Хозяева наши дружно рассмеялись, да так заразительно, что даже девочка,
стоявшая рядом, растерянно засмеялась вместе с ними.
-- Со временем даже весь наш домашний хлам будет нам сниться как
домашний хлам Соединенных Штатов, -- сказали они. -- Тогда наконец-то мы
сможем видеть одинаковые сны.
Мы вели эту беседу на верхней палубе парохода "Марк Твен" в ожидании
прогулки по Миссисипи. Вокруг было полно туристов, все сплошь американцы.

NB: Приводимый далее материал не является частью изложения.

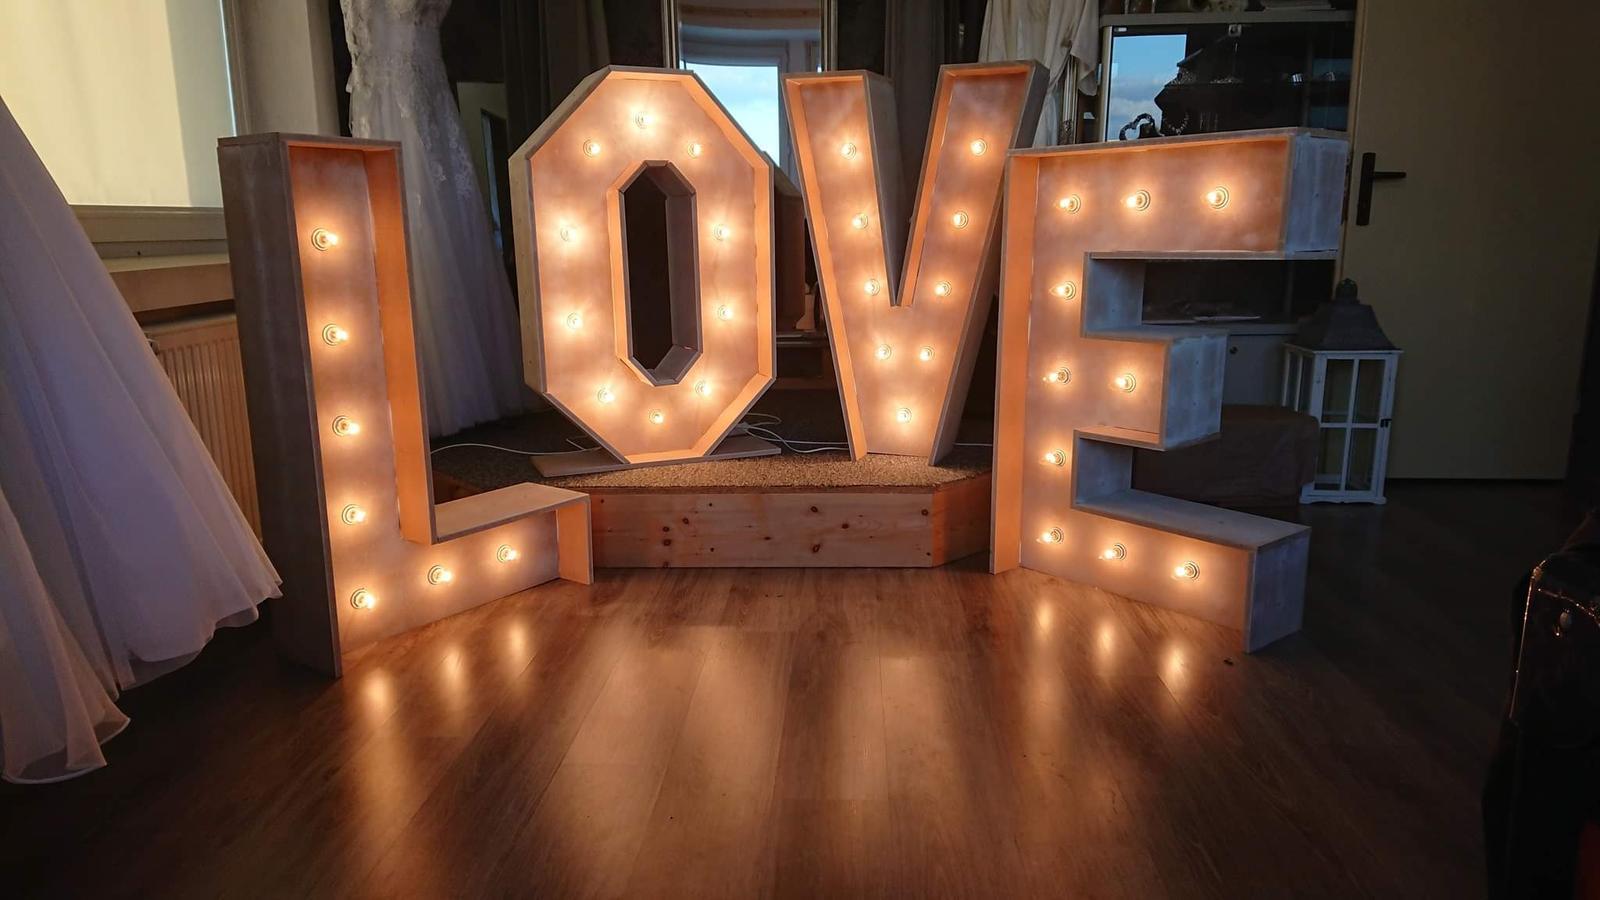 Veľké svietiace LOVE na prenájom  - Obrázok č. 1

Они, как и мы, тоже ждали отплытия, держа в руках кто банку с пивом, кто
стаканчик кока-колы, кто пакетик жареной кукурузы. Говорили мало, все
взгляды были дружно устремлены сперва на канаты, которые как раз отвязывали
от причальных тумб, потом -- на две высокие черные трубы. Медленно
отделившись от пристани, судно попятилось к середине реки, затем, плавно
покачиваясь, замерло на месте. Было слышно, как через предохранительные
клапаны с шипением вырывается пар, густой черный дым повалил из труб и
мгновенно застлал небо. А потом, присвистывая паром, корабль исторгнул из
своих недр гудок такой силы, что никто из нас, даже Клэр, не смог объяснить
девочке, в панике уткнувшейся головкой в наши колени, что происходит. Это
был не звук, нет, протяжный, хрипло прервавшийся и возобновившийся с новой
мощью рев гигантской трубы, в мундштук которой, казалось, всем миром дует
целый народ. Рев такой звериный и жестокий, и в то же время -- в сочетании с
необъятной ширью Миссисипи и сгустившимися клубами черного дыма -- столь
гордый и торжественный, что я не смог подавить в себе чисто физического
воодушевления и в замешательстве отвел глаза в сторону. Так мощен был этот
гудок, так неотвратим, что в эти секунды полной растерянности я, растворяясь
в нем, явственно ощутил и пережил ту гордую "американскую мечту", о которой
раньше знал только понаслышке. Этот миг, словно первый миг Страшного суда,
расколовшийся трубным гласом среди обыденности и рутины, сразу осветил все
вокруг единым смыслом, поставил людей и окружающие предметы, живое и неживое
на свои места и вдвинул все это в неповторимую и целостную историю,
театральную и полную боли. Миссисипи театрально стремила вдаль свои воды,
пассажиры театрально шествовали с одной палубы на другую, вверх и вниз, а
тем временем низкий, далеко разносившийся из репродуктора немолодой мужской
голос вещал об истории пароходства на больших реках. Он говорил о новой эре,
которую открыли пароходы в истории транспорта и торговли, о первых
пароходных гонках, о рабах-неграх, что при свете луны загружали дрова в
топку, о взрывах паровых котлов и, наконец, о том, как на смену пароходам
пришла железная дорога. И хотя обычно голоса экскурсоводов в репродукторе
только раздражают меня, этот патетический голос я не уставал слушать.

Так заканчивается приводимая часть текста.